**DATASET EXCERPTS:**
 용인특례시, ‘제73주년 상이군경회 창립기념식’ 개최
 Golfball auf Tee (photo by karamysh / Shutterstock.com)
--
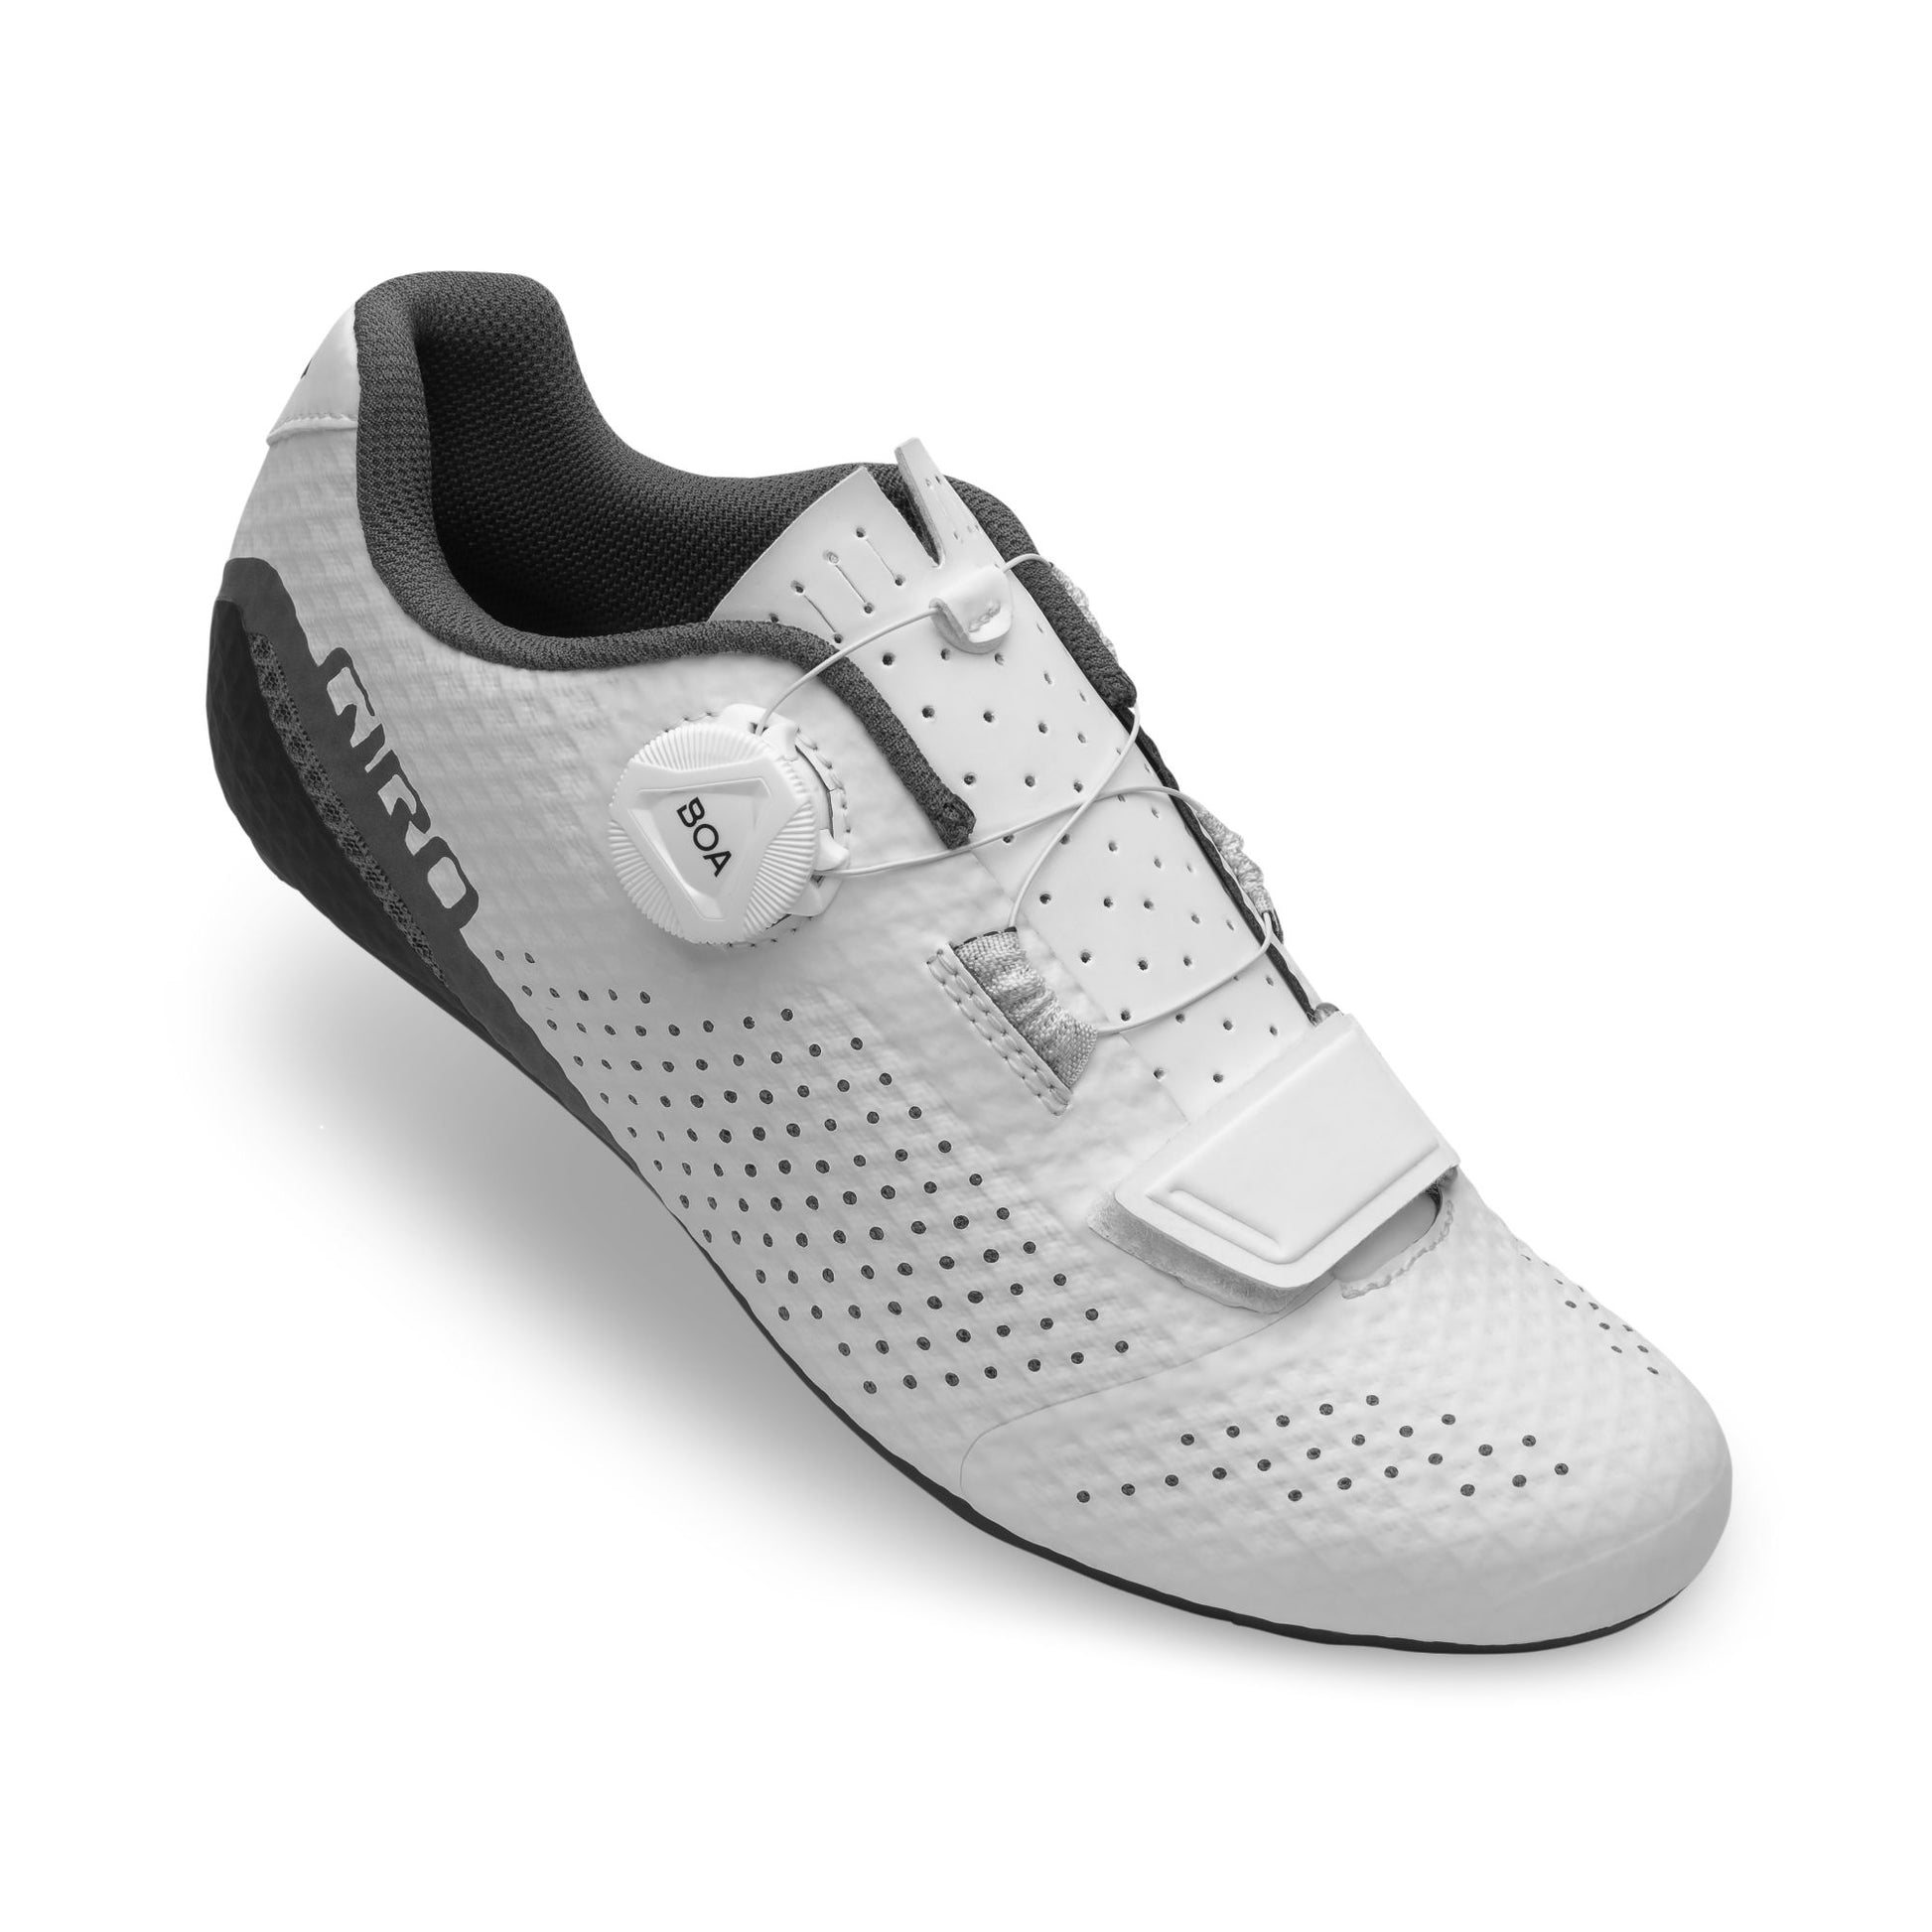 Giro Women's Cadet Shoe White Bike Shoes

**DIRECTIONS FOR THIS TASK:** Reproducing the whole listing above is not the task. Copy exactly only the lines from the one with "용인특례시, ‘제73주년 상이군경회 창립기념식’ 개최" to the one with "Golfball auf Tee", both kept.

**PROBLEM SOLUTION:**
 용인특례시, ‘제73주년 상이군경회 창립기념식’ 개최
 Golfball auf Tee (photo by karamysh / Shutterstock.com)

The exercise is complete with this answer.